_TASK PROMPT_: Apart from the pictures, every line below needs to be reproduced verbatim.

_MATERIAL PROVIDED_:
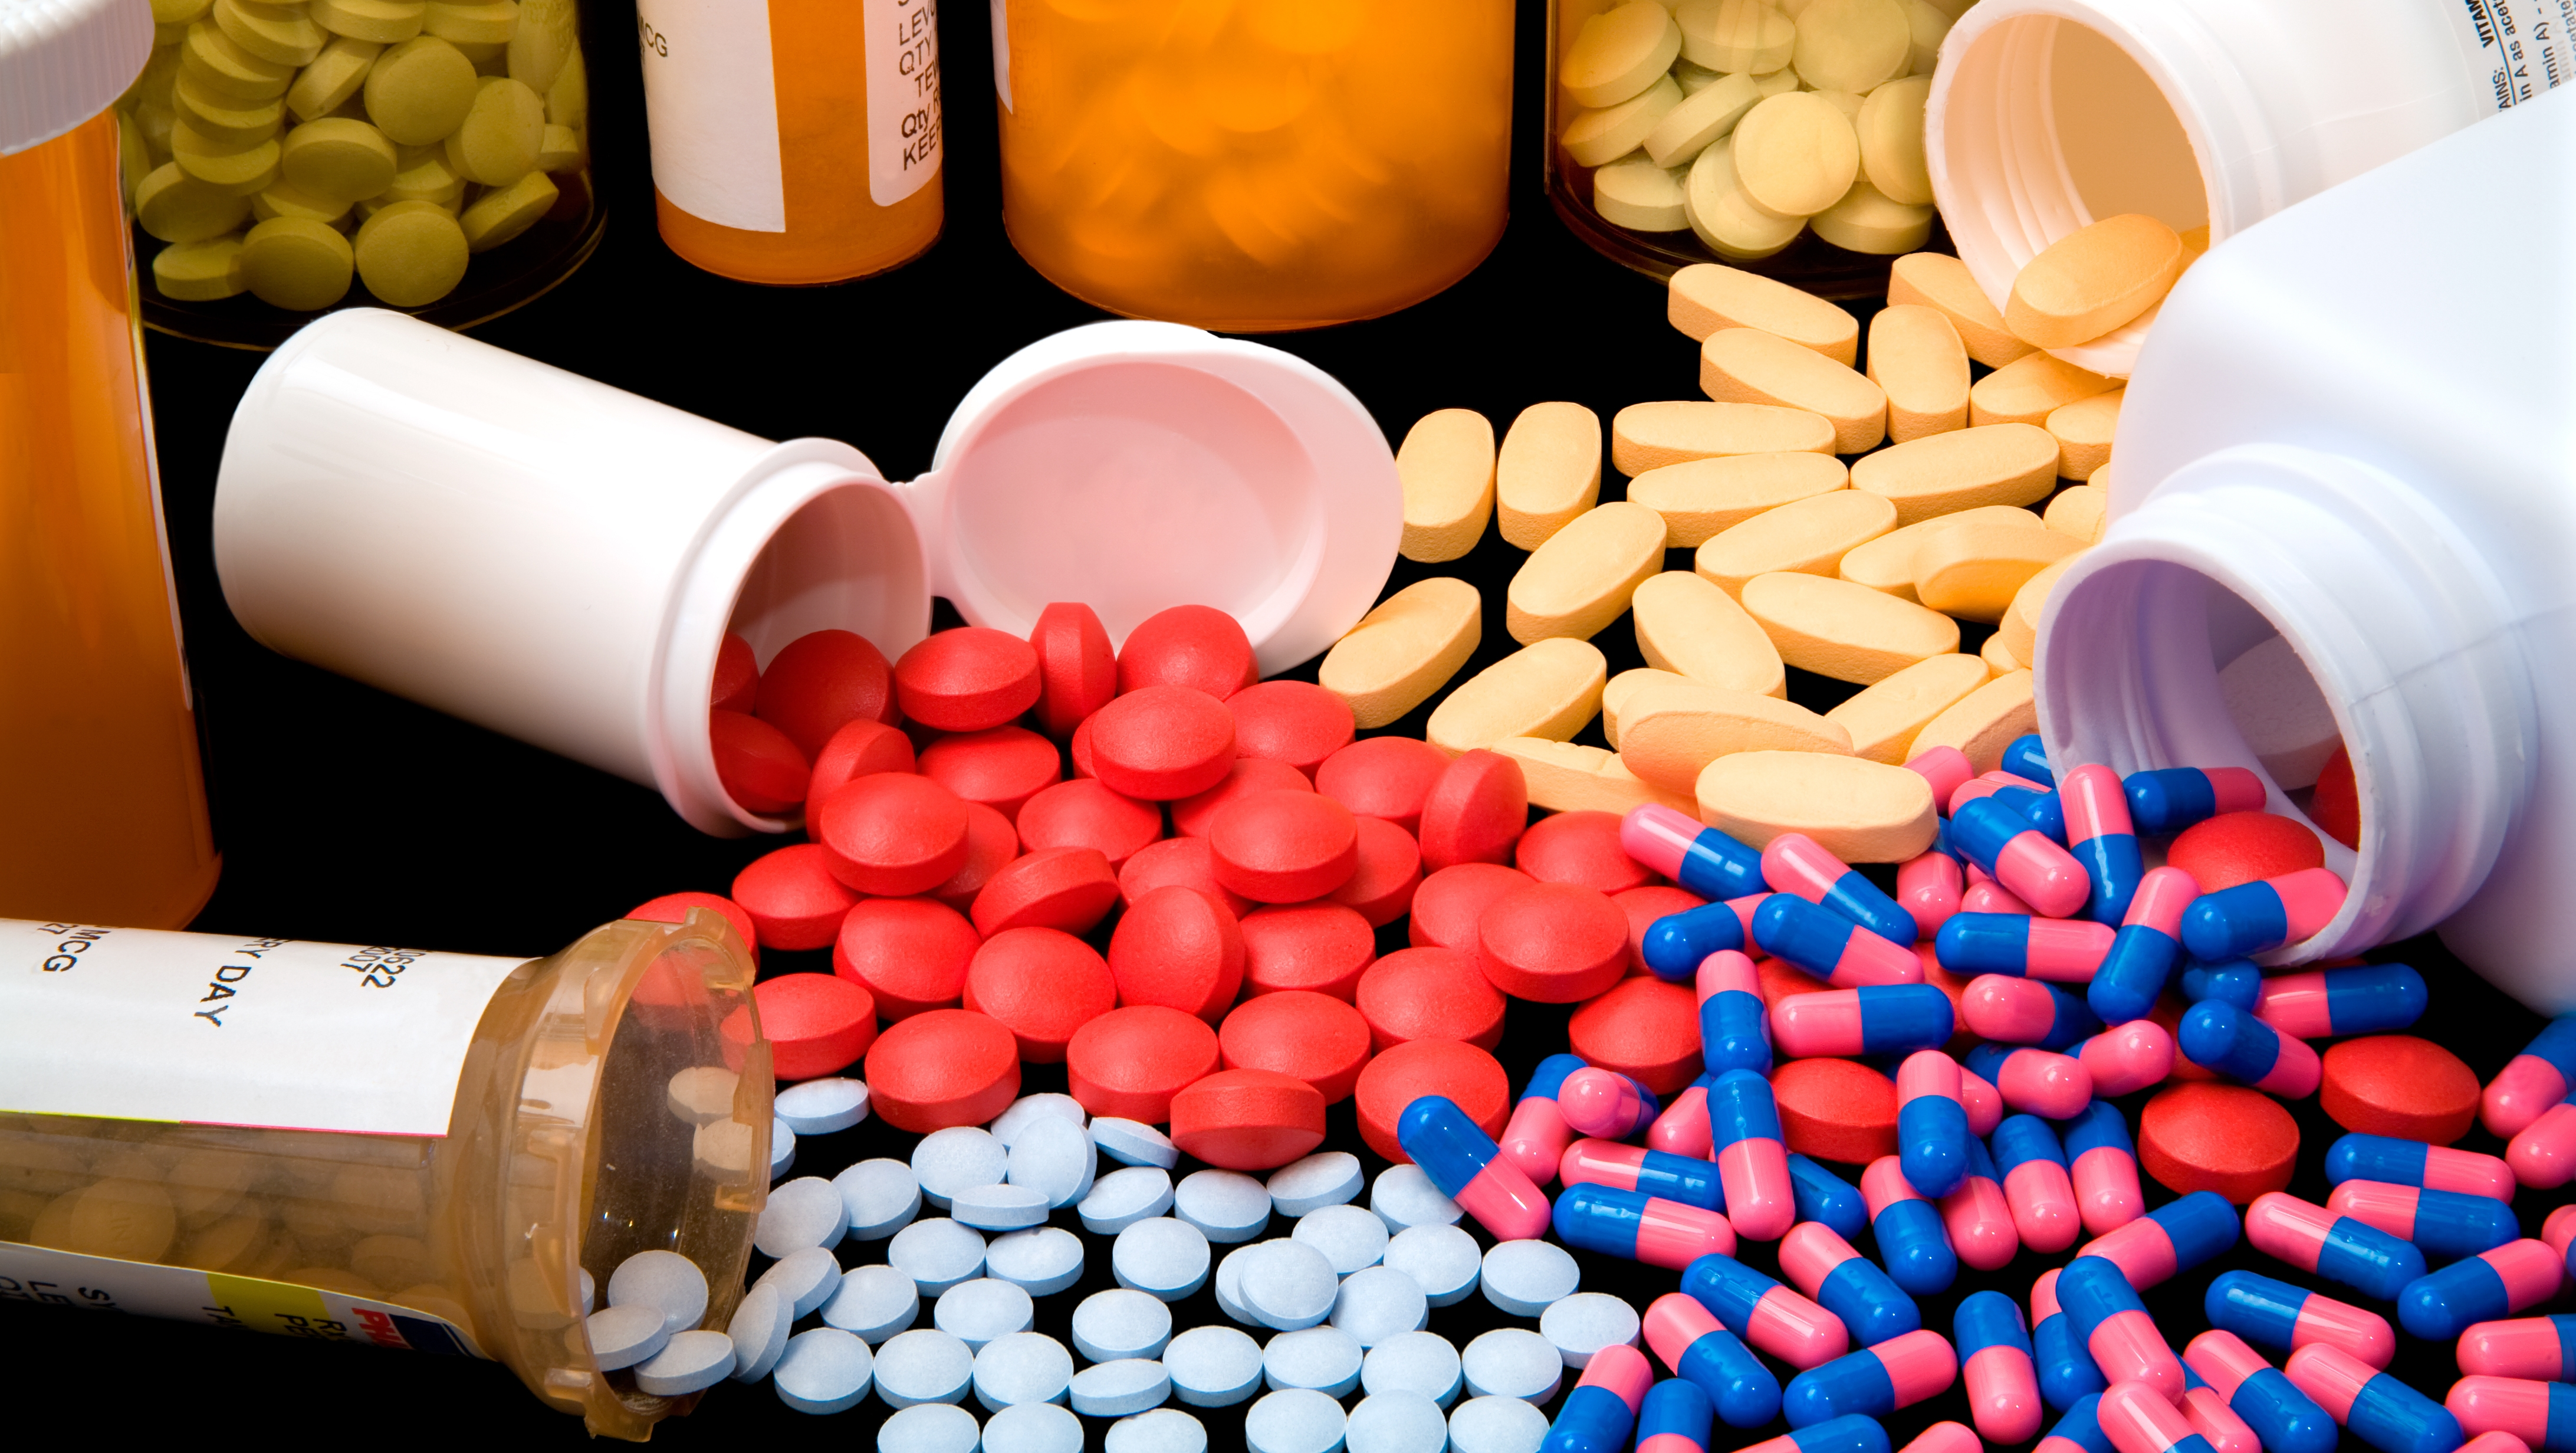 Лечение хронического простатита антибиотиками
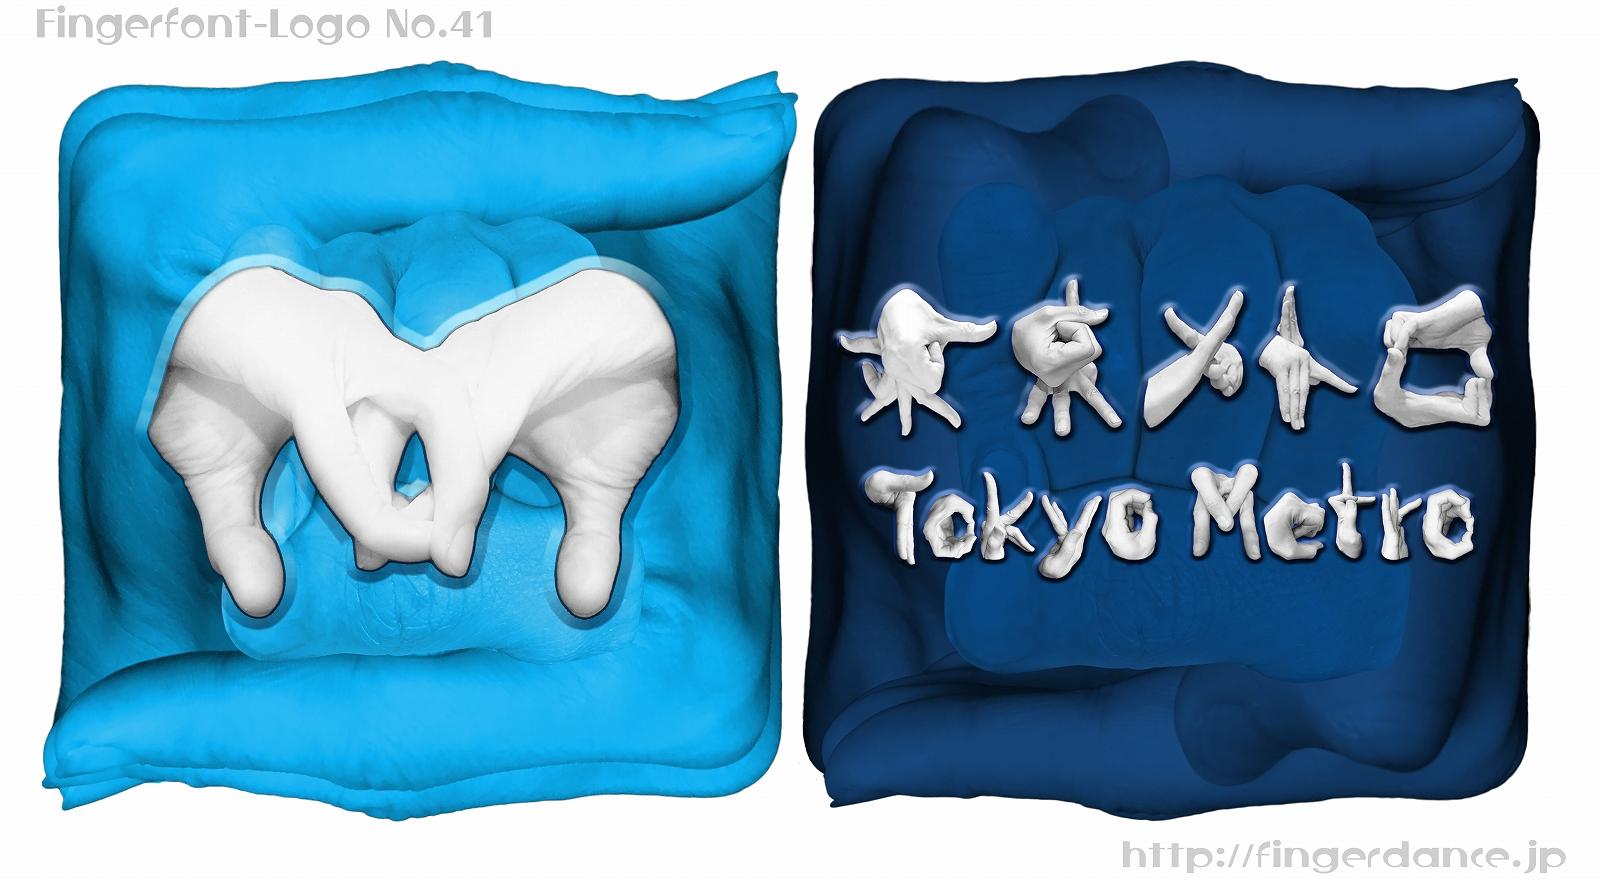 Tokyometro-fingerhttp://fingerdance.jp/L/logohand 東京メトロフィンガーロゴハンド 手指
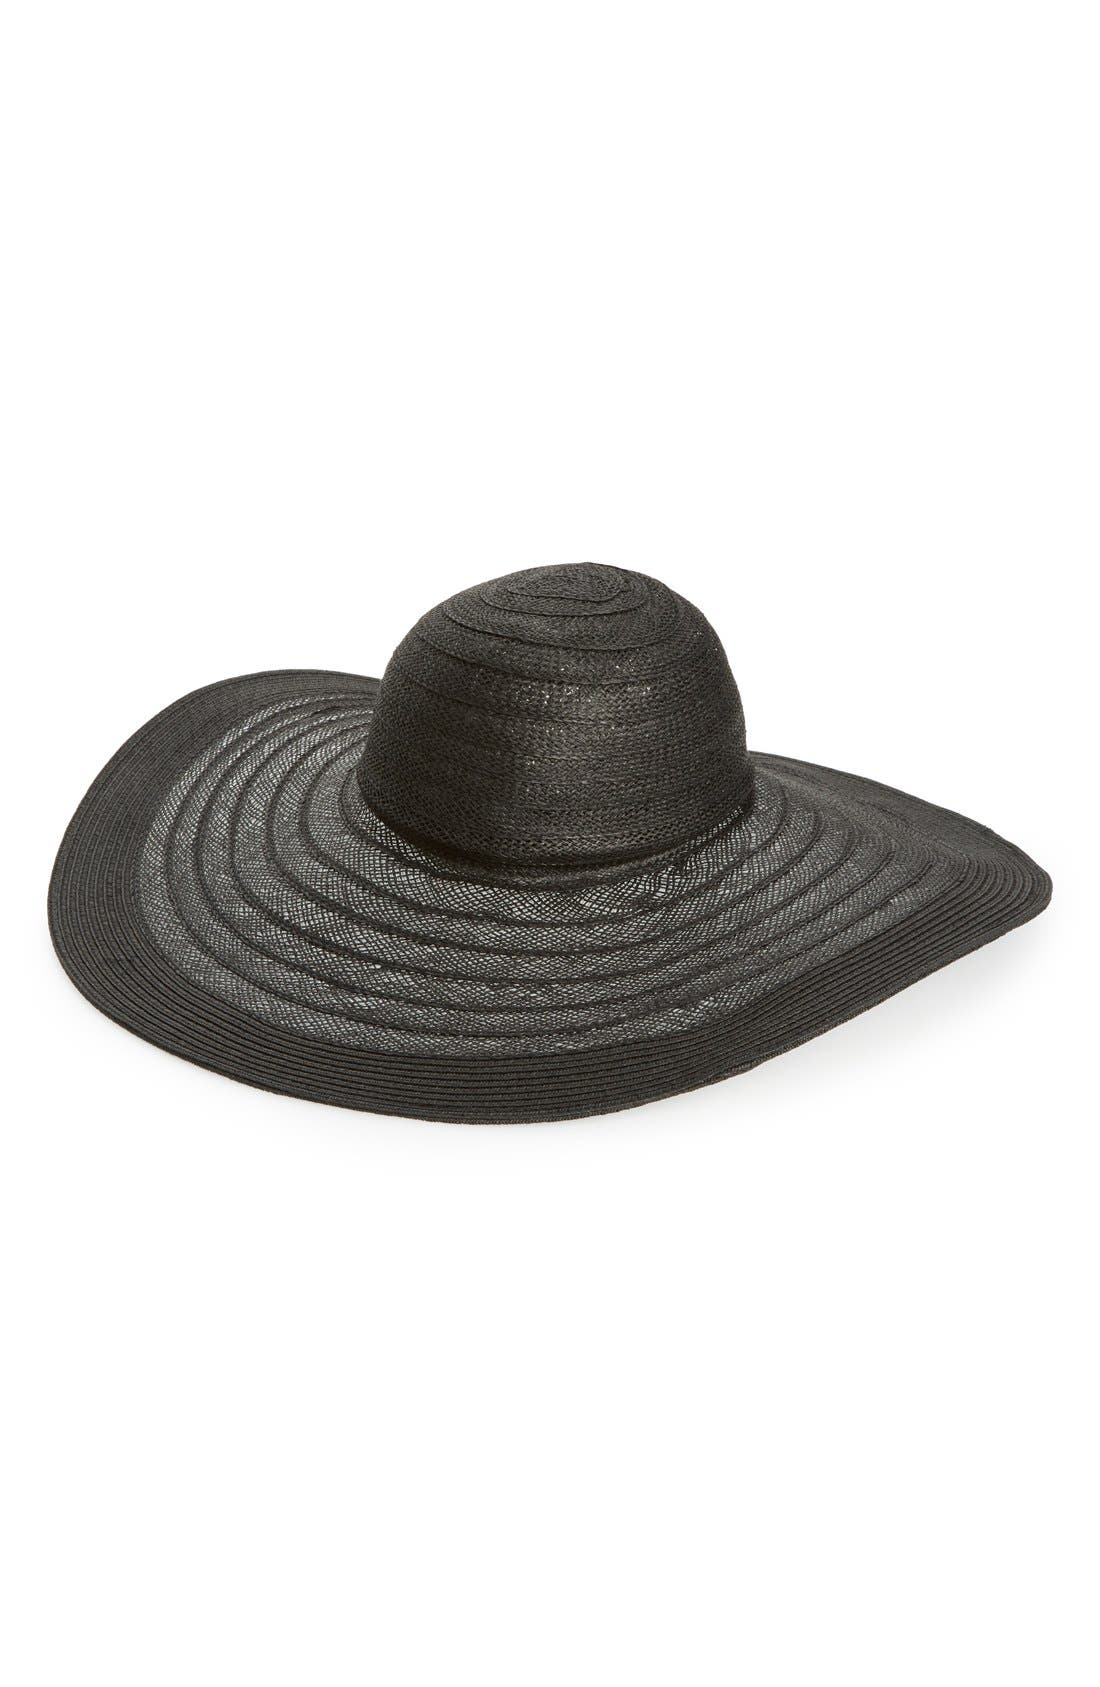 Alternate Image 1 Selected - Nordstrom Floppy Straw Hat

_REPLY TO THE EXERCISE_:
 Лечение хронического простатита антибиотиками
 Tokyometro-fingerhttp://fingerdance.jp/L/logohand 東京メトロフィンガーロゴハンド 手指
 Alternate Image 1 Selected - Nordstrom Floppy Straw Hat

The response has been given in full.